Robert F. Kennedy Jr. blamed censorship by the Democratic Party for his decision to quit the presidential race, and endorse former president Donald Trump. “It became clear to me that I did not have a path to victory. Sixteen months of censorship, of not being able to get on any network really except for Fox,” he told Fox News on Sunday.
Seventy-year-old Kennedy, who ditched the Democratic Party to run as an independent in the race for the White House, announced on Friday, August 23rd that he is suspending his campaign.
Kennedy, who has never held elected office but was a Democrat until last year, initially sought to challenge U.S. President Joe Biden for the Democratic nomination (Biden himself dropped out and endorsed his vice president, Kamala Harris) but accused the Democratic National Committee of “rigging” the party’s primary against him. He announced his decision to run as an independent last October.
He argued that his campaign had failed to gain ground due to censorship by the media. “When Ross Perot ran [as an independent in 1992], in the ten months that he ran, he had thirty-four appearances on the networks. I had two appearances in sixteen months, so I was blocked out of the networks, and I was blocked out of the debate. I had no path to victory,” explained Kennedy.
Supporting this theory, Kennedy posted a footage of CNN’s live reporting of his announcement. As the video reveals, the liberal news channel instantly cut away from Kennedy’s speech as soon as he started criticising Democratic presidential nominee Kamala Harris.

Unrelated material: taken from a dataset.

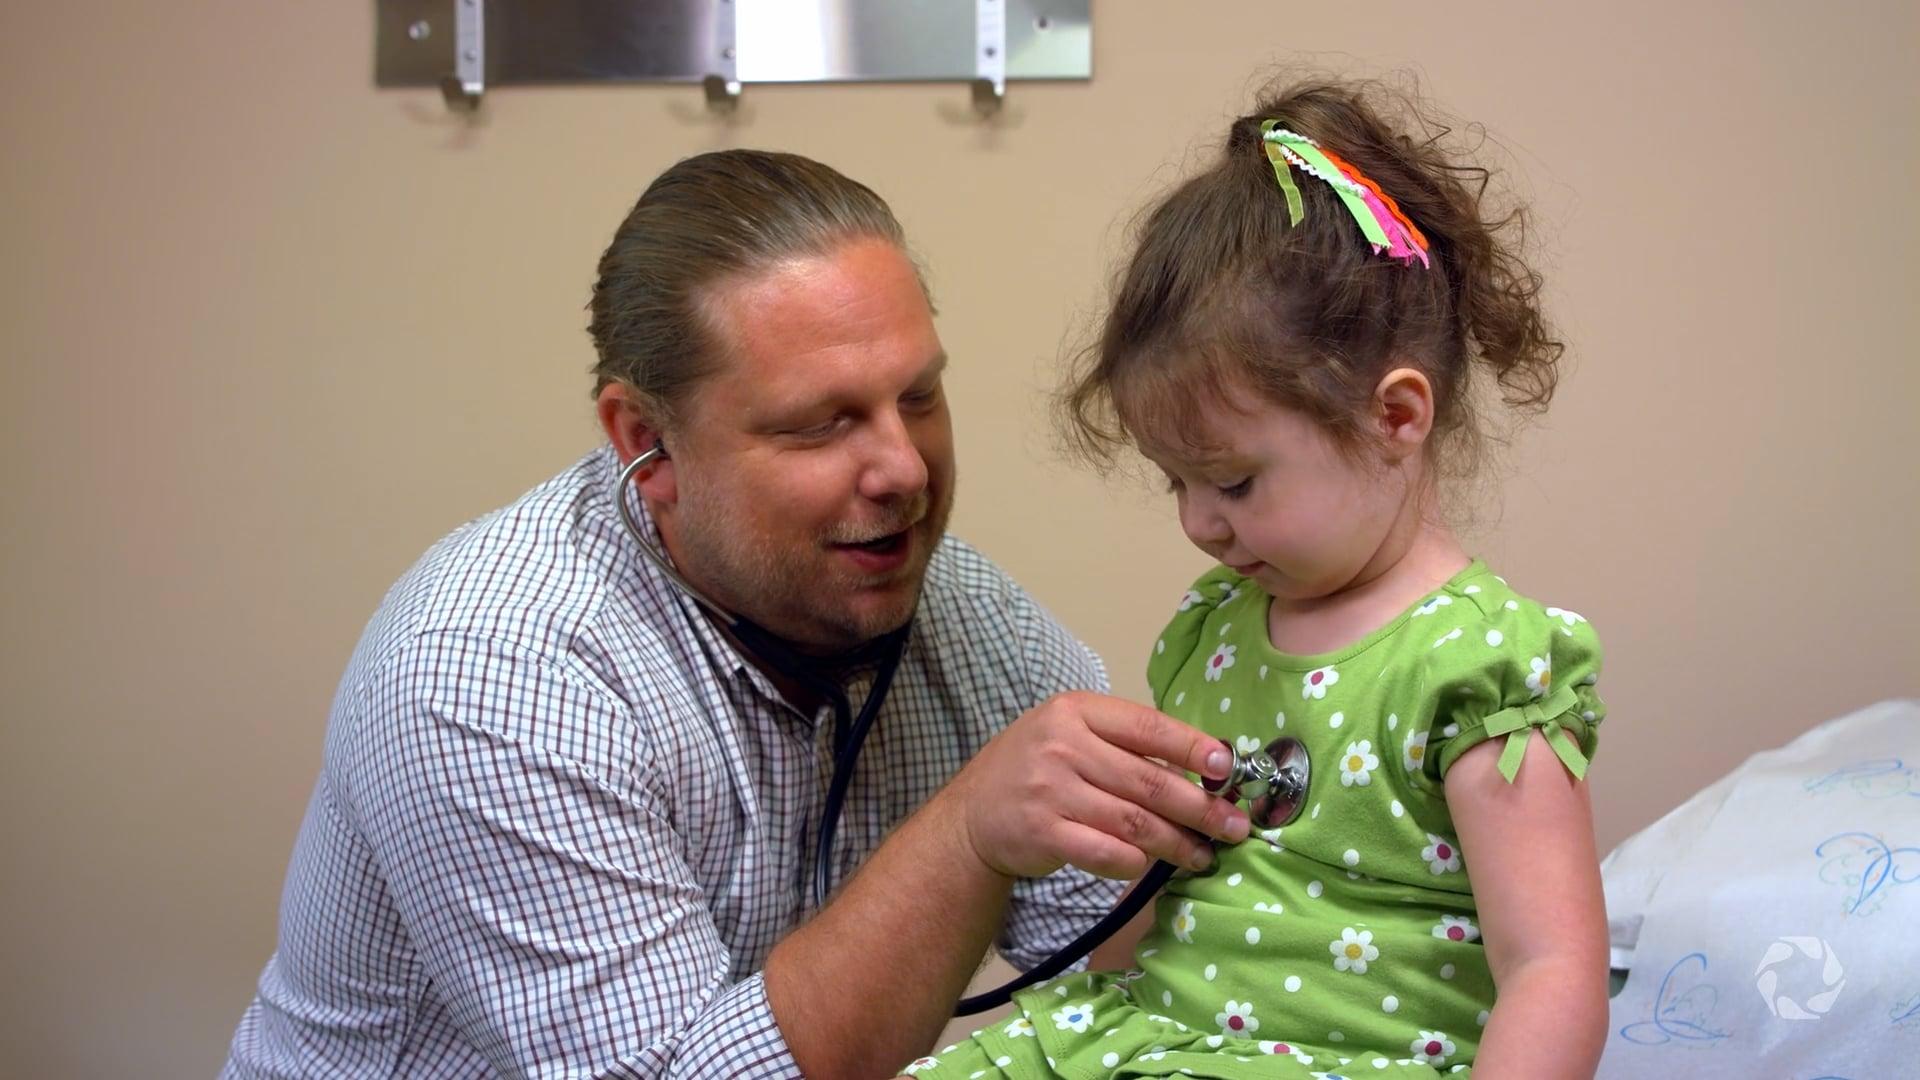 Meet Pediatrician Dr. Brian Proctor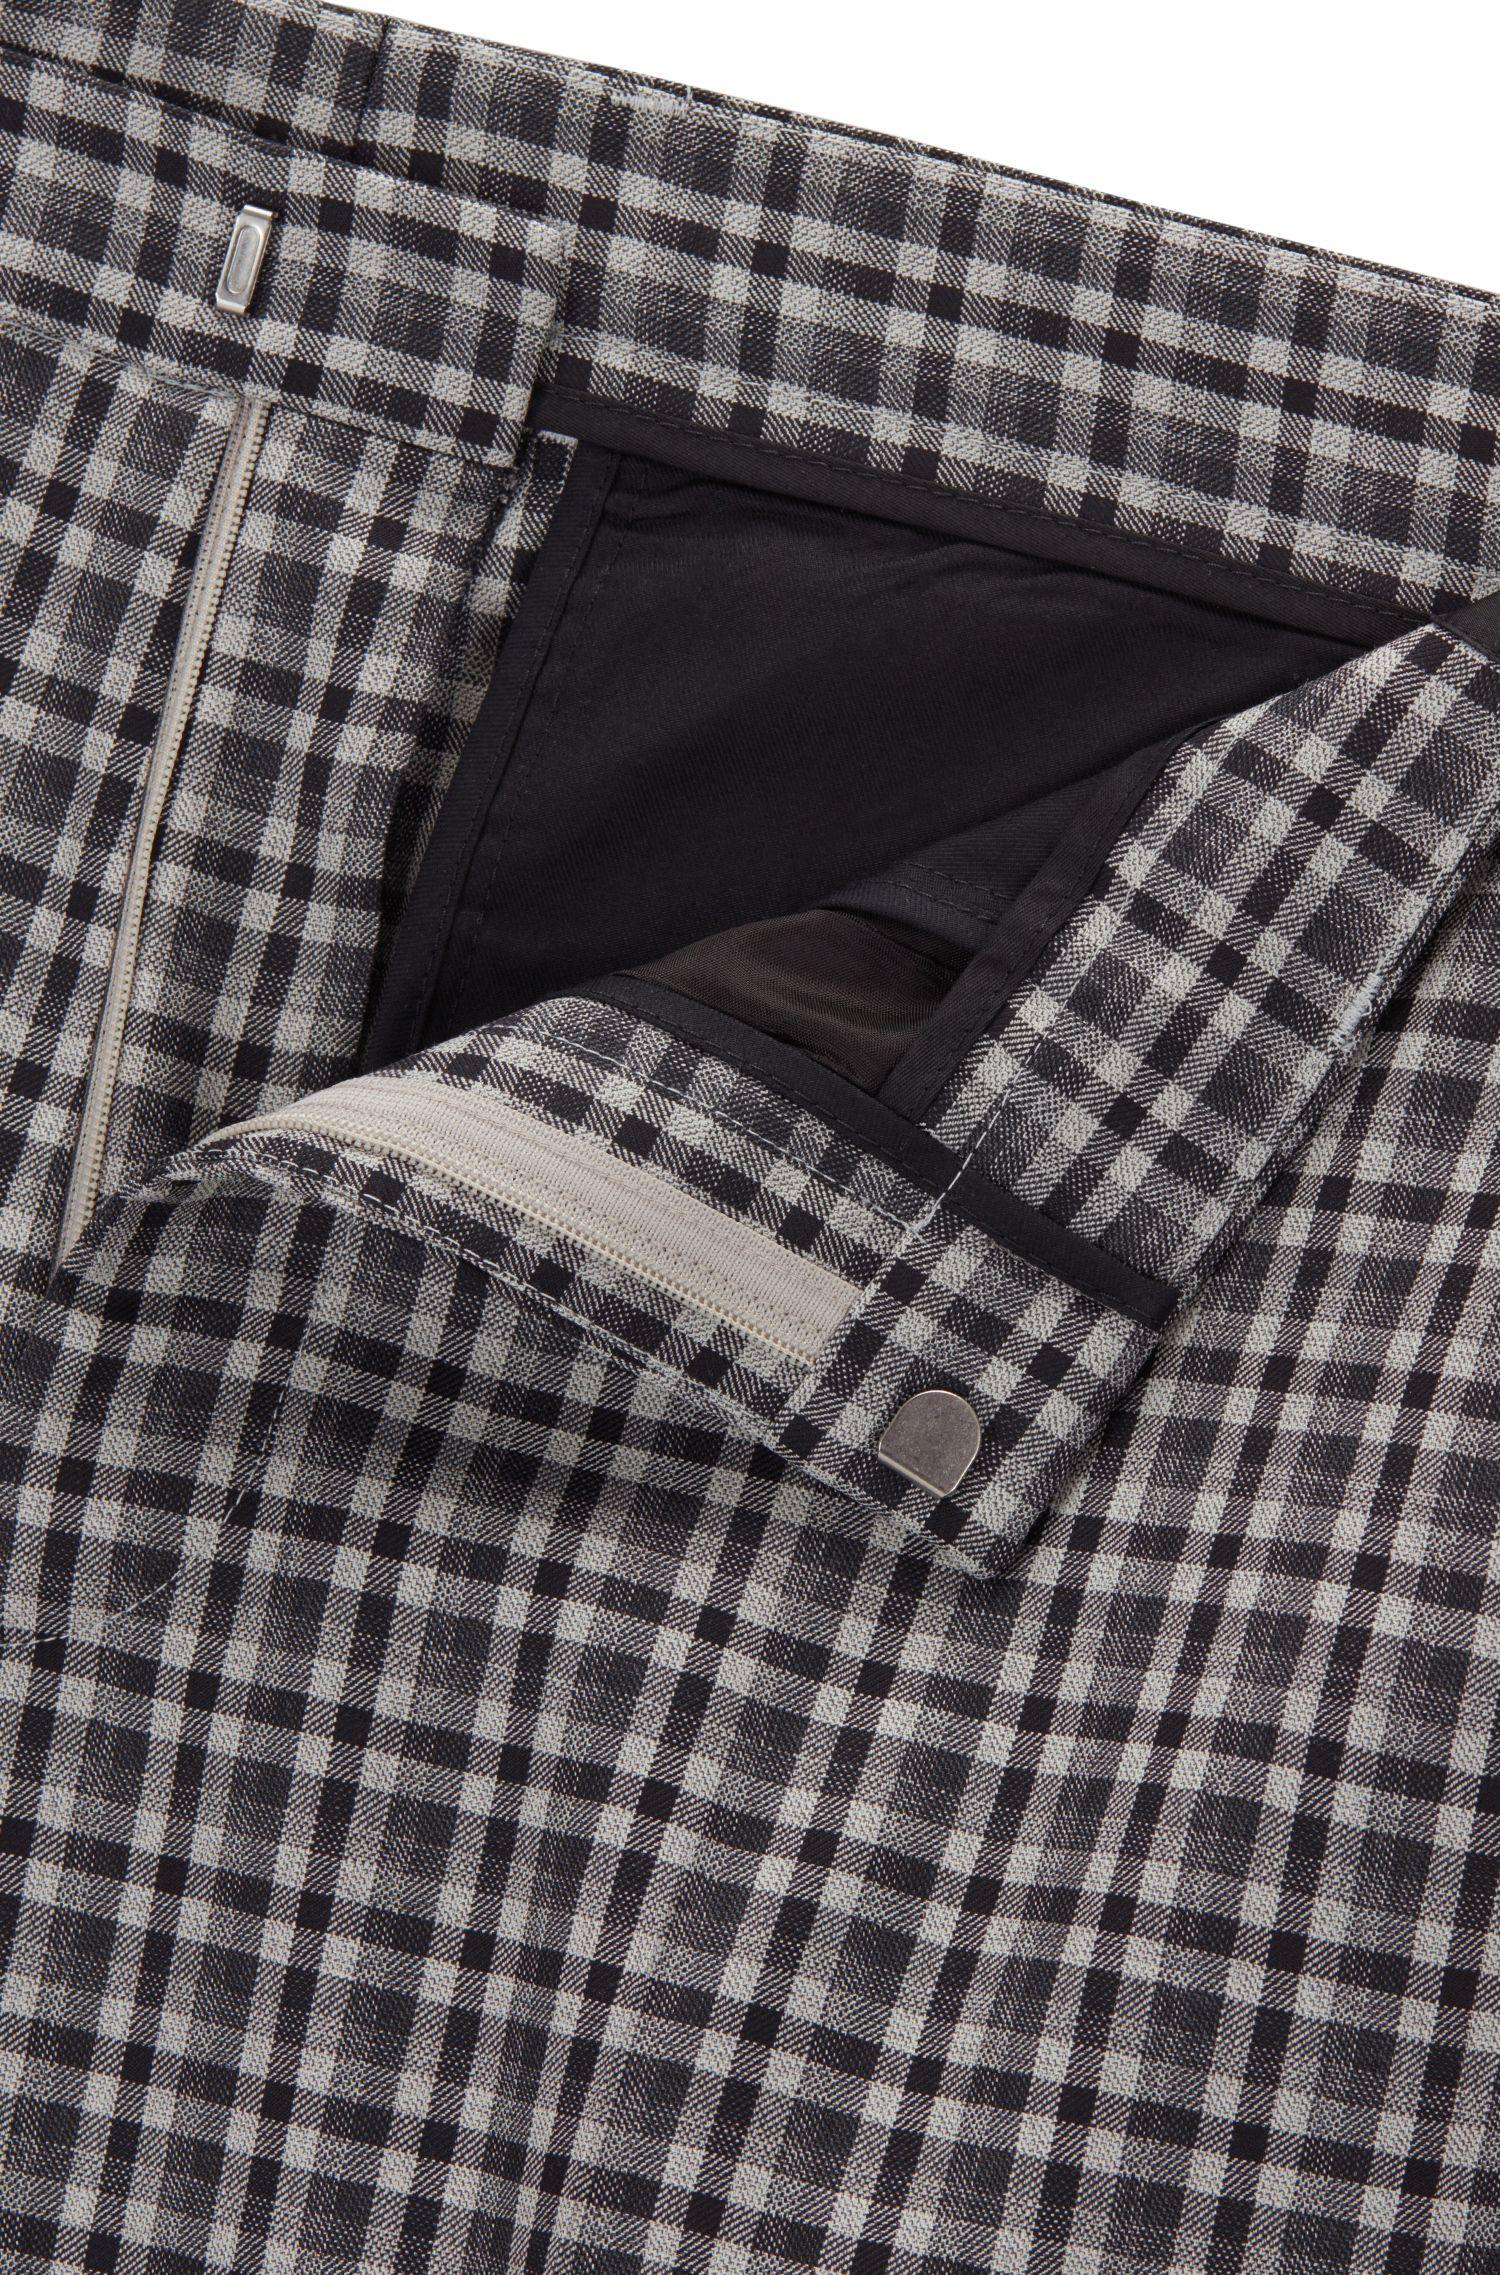 Checked Wool Dress Pant, Slim Fit   Pirko, Grey

Despite his well-known family of Democratic politicians—his uncle was former President John F. Kennedy, and his father was former Attorney General and Senator Robert Kennedy Sr.—Kennedy endorsed former President Donald Trump, the Republican nominee. He even joined Trump onstage at an Arizona rally on Friday, where the crowd applauded him and chanted his name.
Kennedy said his internal polls had shown that his presence in the race would hurt Trump and help Kamala Harris. Kennedy also cited free speech, the war in Ukraine and “a war on our children” as the principal causes “that persuaded me to leave the Democratic Party and run as an independent, and now to throw my support to President Trump.”
Kennedy is an anti-establishment figure who has accused Joe Biden of being a “much worse threat to democracy” than Donald Trump because he is “the first president in history that has used the federal agencies to censor political speech.” Kennedy has pointed to his removal from social media platforms, which he attributes to pressure from the Biden administration, as evidence.
Kennedy is a forceful critic of vaccine mandates, U.S. foreign interventions, big corporations influencing politics, and gender transformation surgery for children.
He said he met Trump and his aides several times and learned they agreed on issues like border security, free speech and ending wars. There have been media rumours that Trump could even offer Kennedy a position in his potential administration. According to Kennedy, “no commitments” were made about being offered a position, “we just made a general commitment that we are going to work together.”
Kennedy said he isn’t ending his campaign formally, and his backers would still be able to vote for him in the majority of states where they are unlikely to sway the outcome. However, in the battleground states he would try to remove his name from the ballot to help Trump.
Kennedy has been polling at around 5% in recent weeks. His endorsement could provide a big boost to Trump, who is trailing Kamala Harris by 2-3 percentage points.